Vendo a linha de cinco argentina, Artur Jorge povoou a área e colocou três atacantes. Explorando a velocidade de Kaio Jorge, criou a primeira grande chance da partida, obrigando boa defesa de Brey. Seguindo na tática de atacar pelos lados, Kaio Jorge repetiu a dose e, desta vez, cruzou em vez de finalizar. O passe encontrou Villarreal, que empurrou para o gol vazio, aos 37 minutos, para explodir o Mineirão.

Após o gol, foi a vez do Cruzeiro fazer jus à catimba.
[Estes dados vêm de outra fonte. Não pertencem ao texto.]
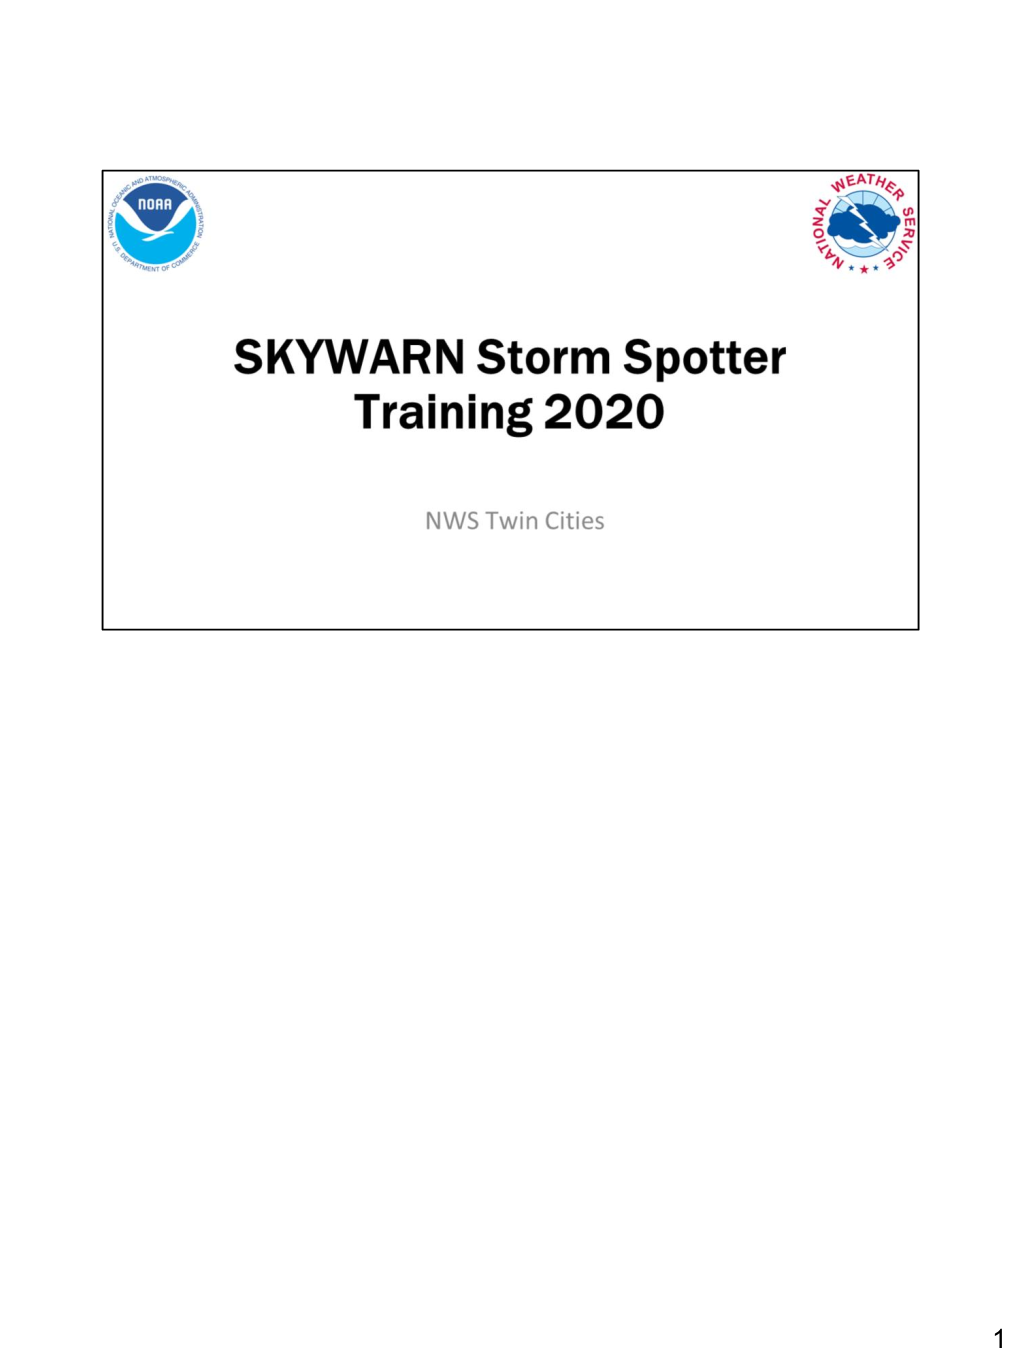 SKYWARN Storm Spotter Training 2019

Provocou os argentinos para ganhar tempo. Controlando a posse da bola, apenas administrou o resultado até o apito final.

CRUZEIRO 1 X 0 BOCA JUNIORS

  • CRUZEIRO - Otávio; Fagner (Kauã Moraes), Fabrício Bruno, Jonathan Jesus e Kaiki Bruno; Lucas Romero (Bruno Rodrigues), Gerson, Christian e Matheus Pereira; Arroyo (Villareal) e Kaio Jorge (Matheus Henrique). Técnico: Artur Jorge.
  • BOCA JUNIORS - Brey; Weigandt, Di Lollo, Ayrton Costa e Blanco; Paredes, Ascacíbar, Delgado e Aranda (Figal); Merentiel (Zeballos) e Bareiro. Técnico: Claudio Ubeda.
  • GOL - Villarreal, aos 37 minutos do segundo tempo.
  • ÁRBITRO - Esteban Ostojich (URU).
  • CARTÕES AMARELOS - Fagner, Kaio Jorge, Gerson, Blanco, Ayrton Costa e Paredes.
  • CARTÃO VERMELHO - Bareiro.
  • RENDA - R$ 4.666.867,50.
  • PÚBLICO - 59.126 torcedores.
  • LOCAL - Mineirão, em Belo Horizonte.